I have always liked this Jane Austen quotation, and lately I know just how Mr. Bennet felt when he said it. The alternative title for this post should be, "They don't take any wooden nickels here!"
After school today I went to the market for eggs. If I have one successful transaction in the market, I should head straight home, but I never know when to quit. As I was heading back to the school with my bag of eggs, a pile of dried corn caught my eye. The vendors of dried beans, peas, and things rice have them in tubs or drywall buckets, or sometimes they make little piles of them on mats spread on the ground.
The corn looked more orange that John Cope's corn, the kernels a little bigger, the color of popcorn. I paused and said, "How much?" Thirty Gourdes for a two-cup container. How much for half the container? Fifteen Gourdes. I knew I had three 5-Gourde coins in my pocket, so I said I would take half a container's worth of her dried corn.

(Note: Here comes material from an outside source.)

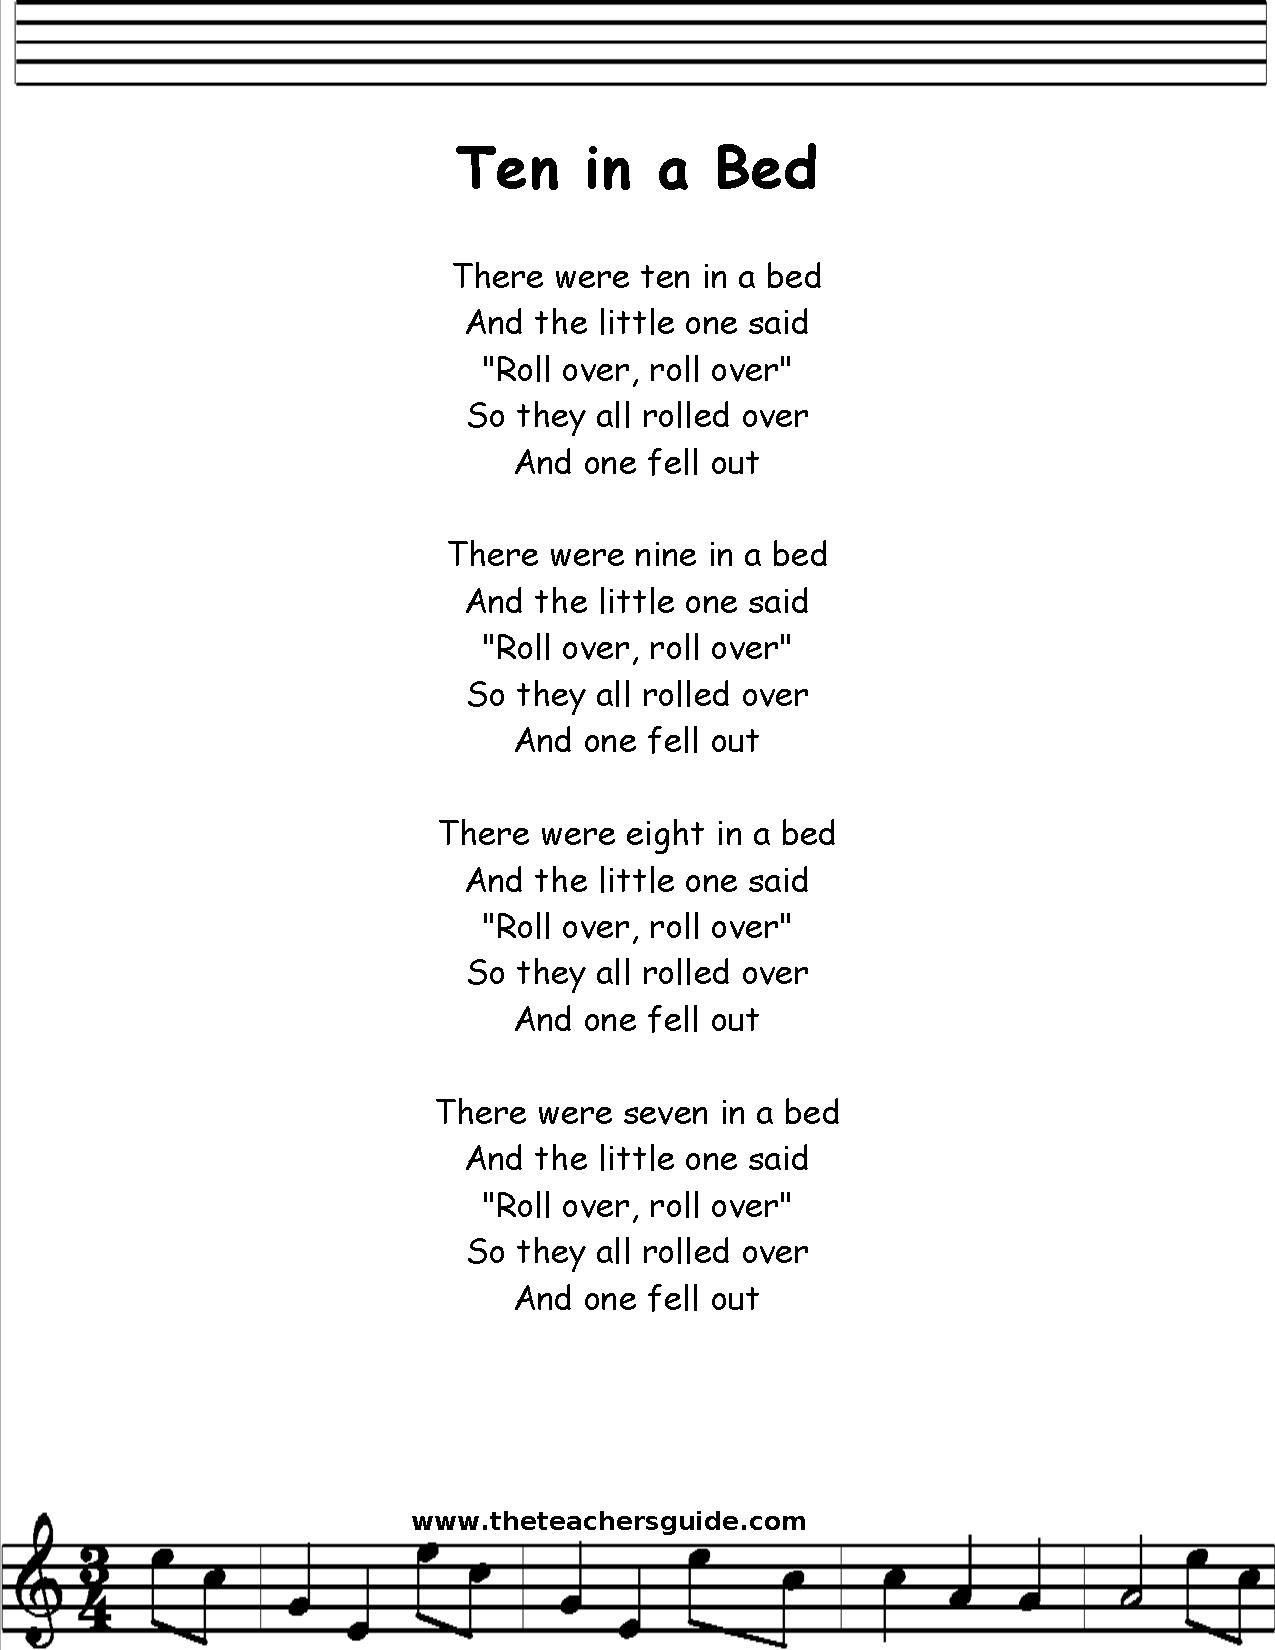 Ten In A Bed Lyrics Printout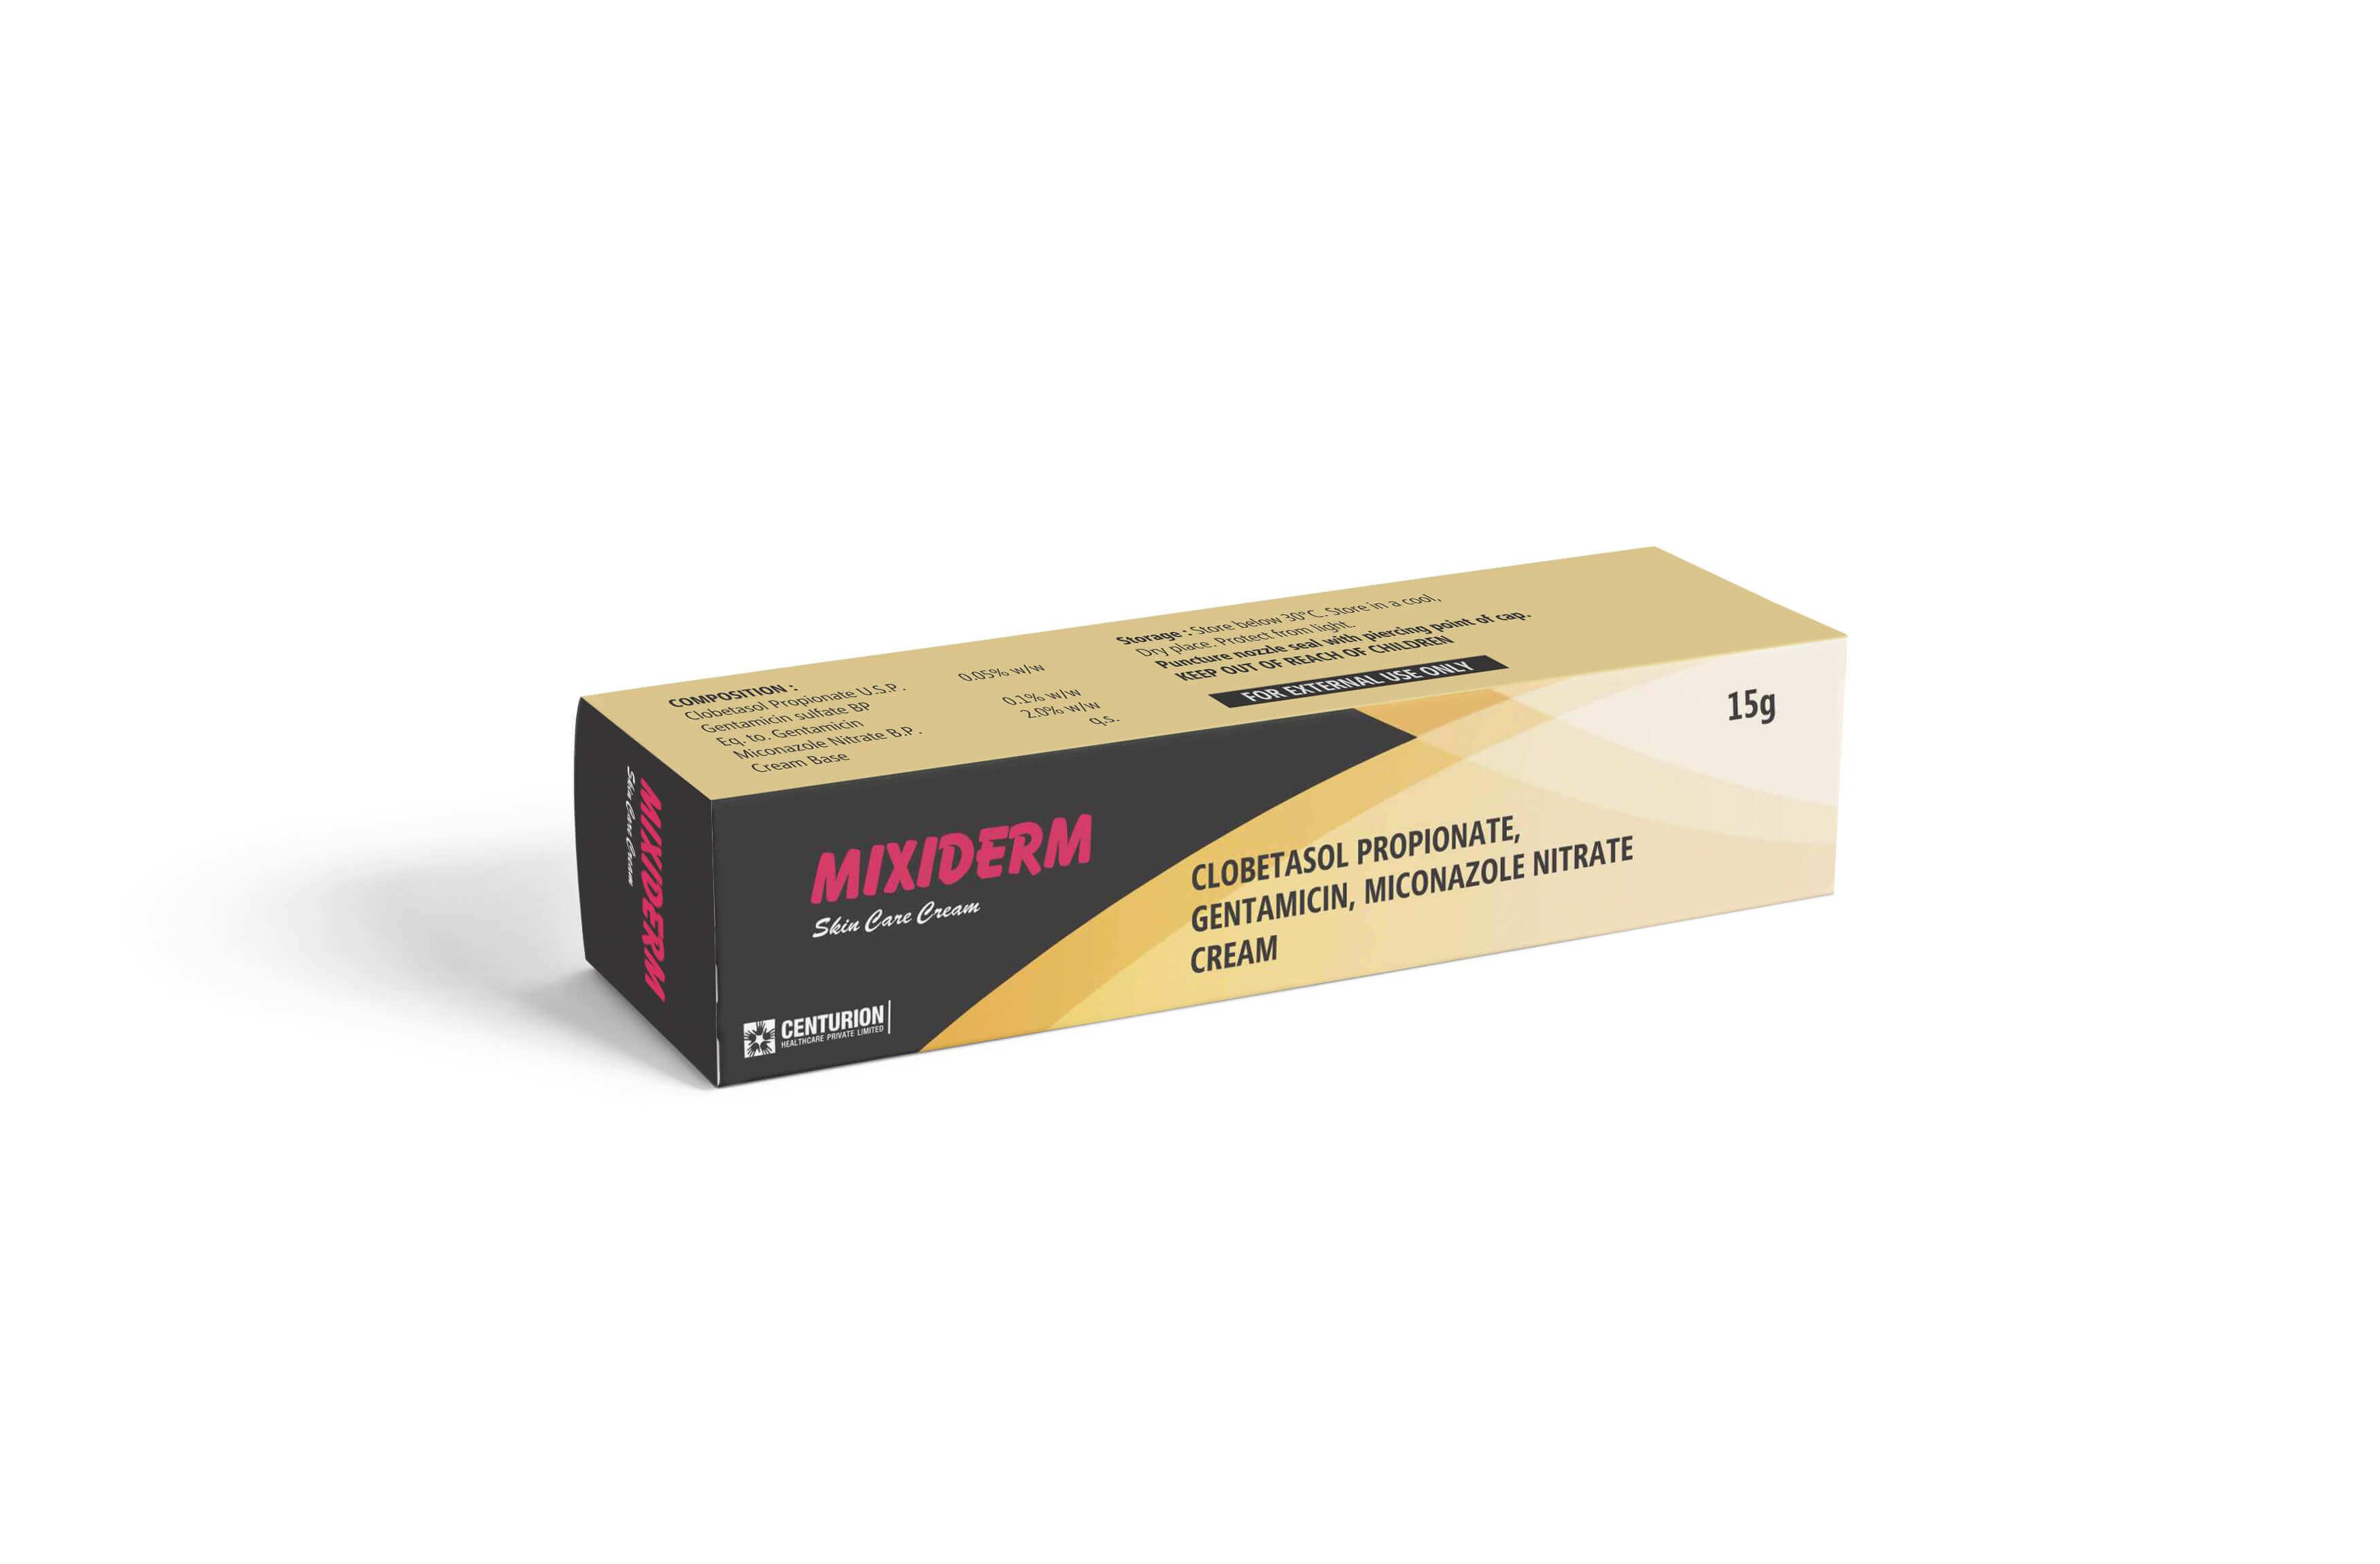 Mixiderm Cream

So while the vendor measured out a little bag of corn for me, I got out my three coins. I think of them as "nickels" but forty gourdes equal one U.S. dollar, so three 5 Gde. pieces equal about 40¢. I had them in my hand, but before I could give them to her, another woman a foot or two to the left of me started screaming and snatched that brown coin you see in the picture right out of my hand and threw it in the dirt. Actually, in the mud. And kept on screaming.
Ah, evidently not a good coin. But to me it looks like the others, what do I know? Her screeching got the other vendor in the spirit and the pair of them proceeded to tell me off for having the nerve to fob off my fake coins on honest Haitian market vendors like them! And of course a little crowd immediately huddled around, breathless for action.
I leaned down and picked up my nickel. That's a pretty good snapshot of it. I thought that one of the men behind me said something like, "It doesn't have a face." I looked at it and indeed it was smooth as glass. You could read all the inscriptions but only because they were a different color, and that, too, was wearing off. So I guessed that was the problem. The people gathering around kept saying, "It's no good."
So now we have an audience and Mrs. Vendor has her palm out for her other nickel. The problem is, all I have is a 50 Gourde note. So I hand her the note, (I know, you're all thinking, "Without getting your other coins back?! What were you thinking?") She takes my 50 and gives me a 20 and a 10. "Excuse me, I gave you 60 and you told me the corn was 15."
"Twenty Gourdes for the corn! You gave me 50, there's your 30." Something like that and a shrug. "You told me 15, and I gave you 60. You never gave me back my 2 coins." She pretended not to hear me.
That would probably have been the end of the story, but a nice man leaned in at this point and said, "What's the problem here?" in an authoritative tone. The vendor said, "She bought 20 Gourdes worth of corn." He turned to me, "How much did she tell you it was?" "15 Gourdes." "How much did you give her?" "Sixty- a 50 and 10 in change."
He said something to her and she grabbed back the 10 and gave me a 25 Gourde note in its place. I quickly walked away.
How much do you want to bet it's a fake?